Le autorità iraniane hanno reagito con fermezza. La Guida Suprema Ali Khamenei ha annunciato che Israele sarà severamente punito, promettendo una “risposta amara e dolorosa”. Fonti ufficiali confermano la morte del comandante delle Guardie della Rivoluzione, del capo delle forze armate e di diversi scienziati nucleari.
Pioggia di droni dall’Iran: oltre 100 lanciati verso Israele
L’Idf (Forze di Difesa Israeliane) ha dichiarato che l’Iran ha lanciato più di 100 droni contro obiettivi israeliani, molti dei quali sono stati intercettati. “Sono stati colpiti oltre 100 obiettivi in tutta la nazione iraniana“, ha confermato un portavoce dell’esercito israeliano.
Reazioni internazionali e allerta globale
Stati Uniti: “Non coinvolti”
Il presidente Donald Trump ha confermato di essere stato informato preventivamente, pur ribadendo che gli Stati Uniti non hanno preso parte all’azione militare.

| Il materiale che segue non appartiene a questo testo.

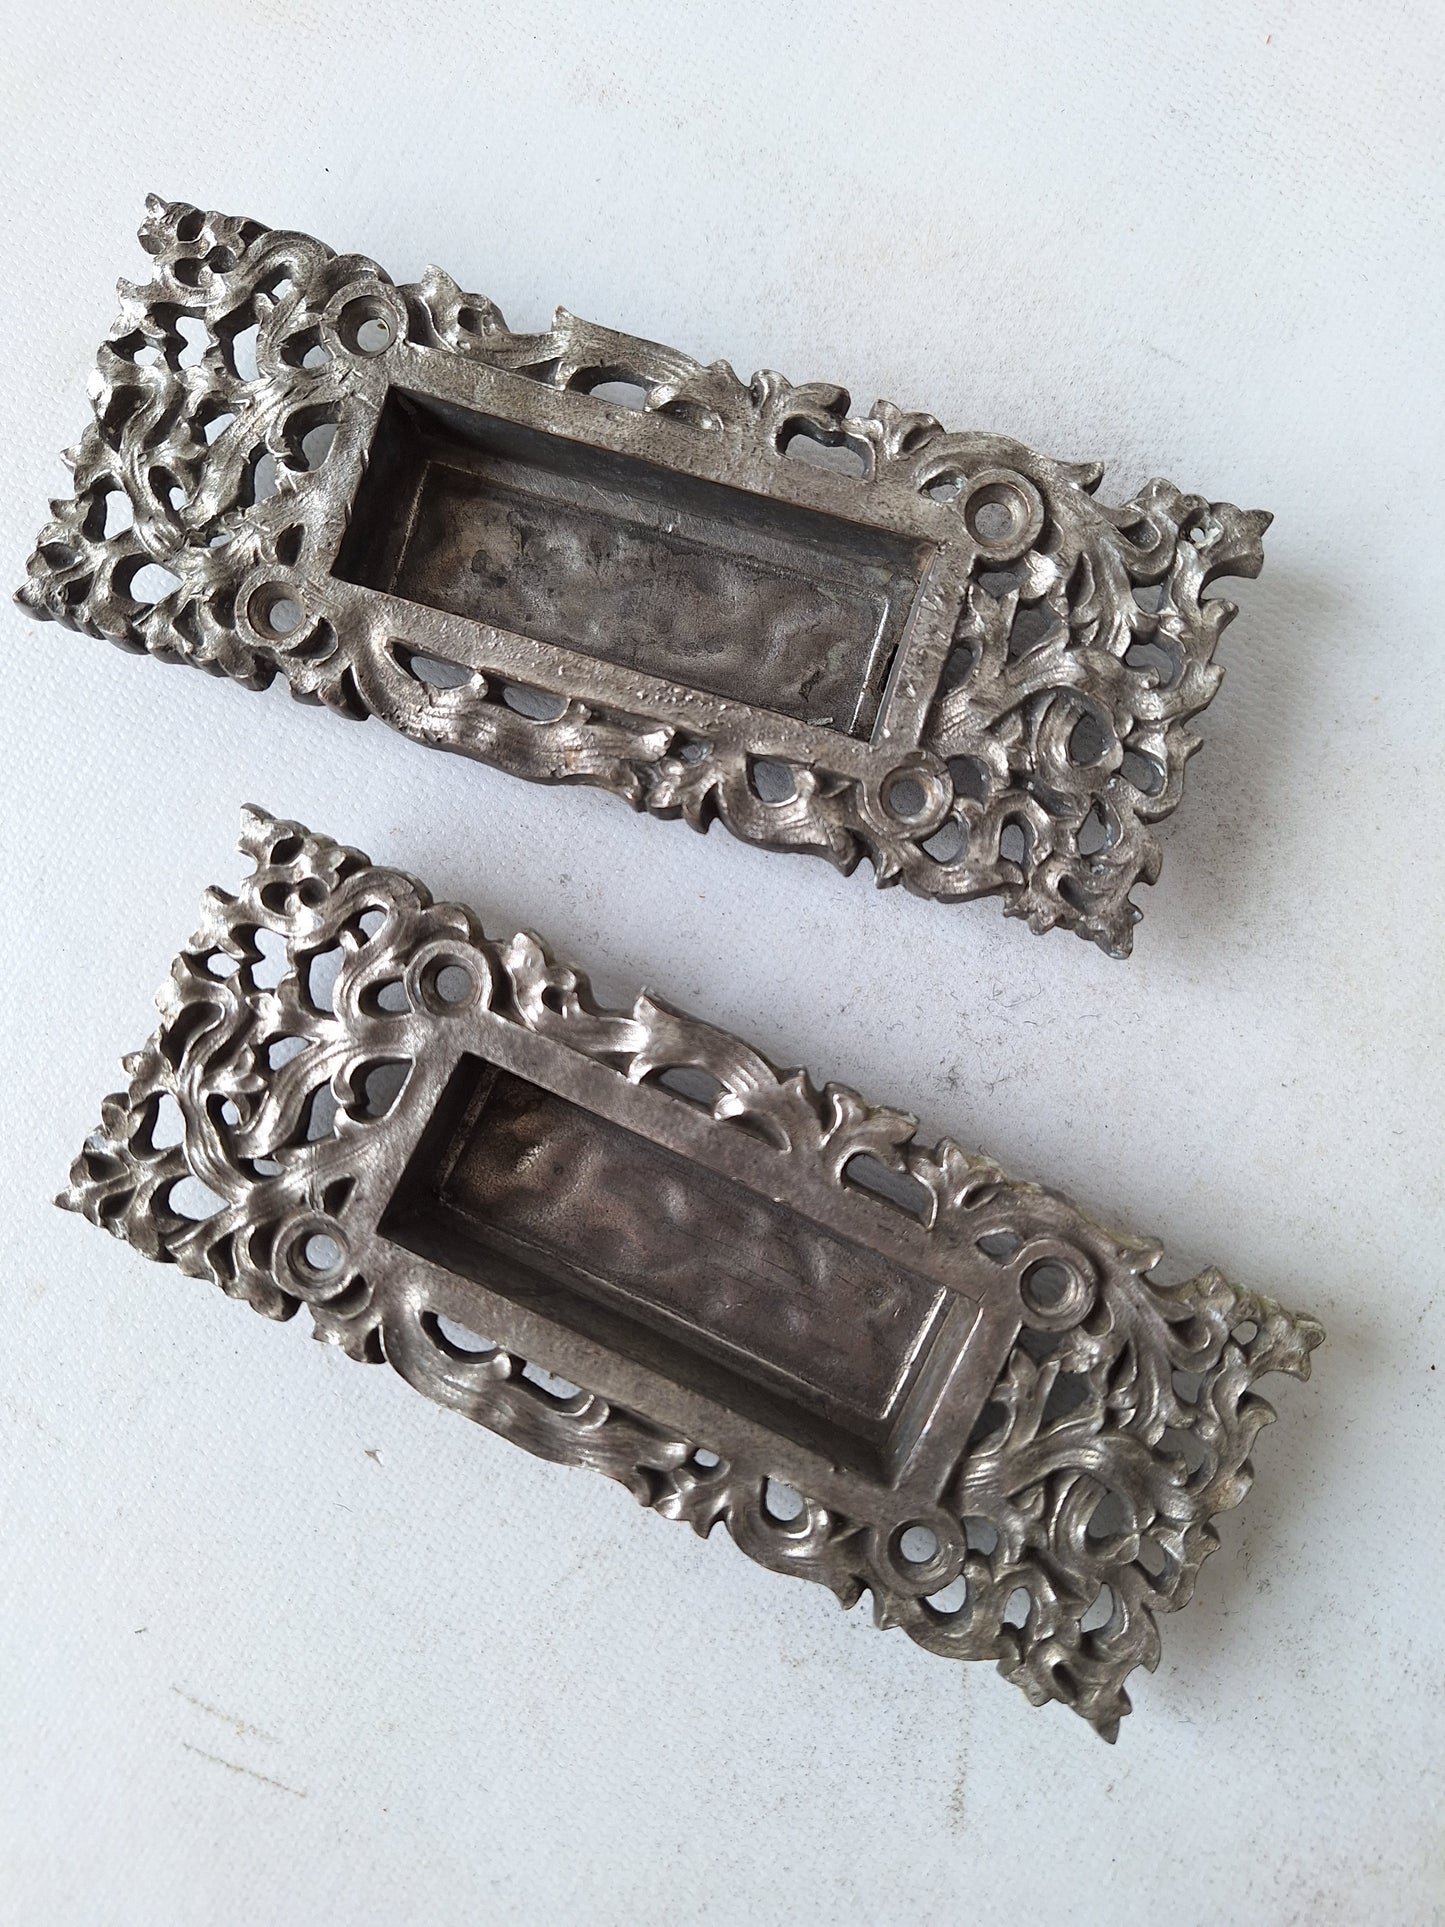 Pair of Kelp Pattern Window Sash Lifts, Antique Wood Window Handles by Yale and Towne 041804

Tuttavia, Washington è in stato di massima allerta e segue da vicino l’evoluzione del conflitto. “L’Iran non deve ottenere armi nucleari. Mi auguro ancora un ritorno al negoziato”, ha dichiarato Trump.

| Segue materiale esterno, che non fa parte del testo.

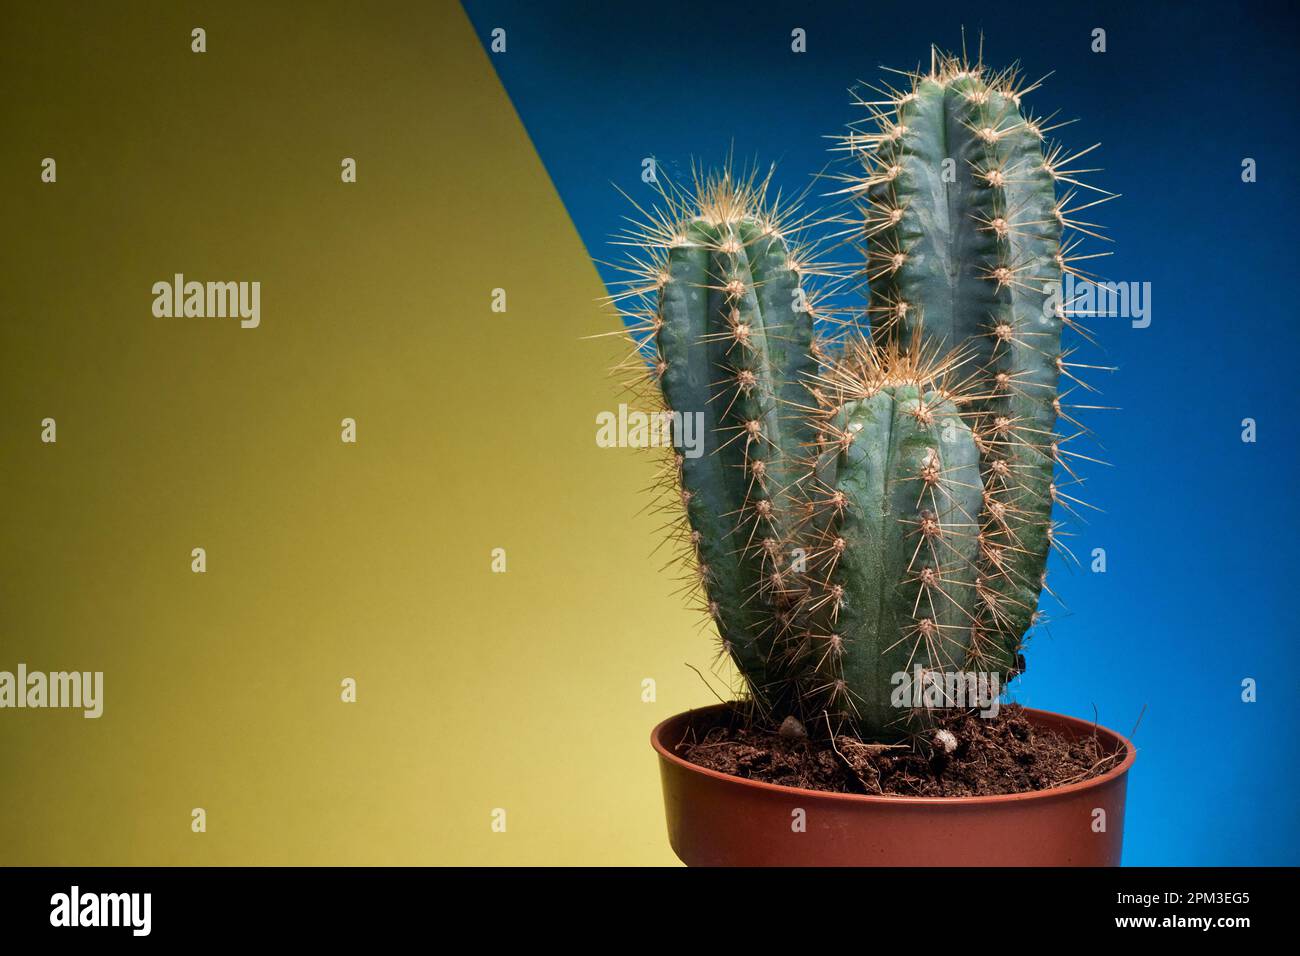 Close-up view of a cactus in the pot under the light in front of yellow-blue background. Natural, cactus, houseplant Stock Photo

Italia: Farnesina invita alla prudenza
Il ministro degli Esteri Antonio Tajani ha assicurato che “la situazione dei cittadini italiani nella regione è sotto controllo”, pur invitando a evitare viaggi non necessari. L’unità di crisi alla Farnesina è attiva e sono stati inviati avvertimenti ai connazionali presenti in Iran. Tajani ha aggiunto: “Seguiamo con massima attenzione gli sviluppi minuto per minuto”.
Conseguenze sul campo e timori nucleari
Situazione a Teheran: vittime e feriti
Secondo media iraniani, almeno 5 persone sono morte e oltre 50 sono rimaste ferite nelle zone colpite a Teheran, in particolare nel quartiere di Narmak.
IAEA: nessun aumento delle radiazioni
L’Agenzia Internazionale per l’Energia Atomica (Aiea) ha confermato che non si registrano aumenti nei livelli di radiazioni nel sito nucleare di Natanz, uno dei principali bersagli dell’attacco. Anche la centrale di Bushehr non risulta colpita.
Petrolio e trasporti: Giordania e Iraq chiudono lo spazio aereo
A causa dell’instabilità, Giordania e Iraq hanno chiuso temporaneamente il proprio spazio aereo, per evitare rischi legati alla possibile espansione del conflitto.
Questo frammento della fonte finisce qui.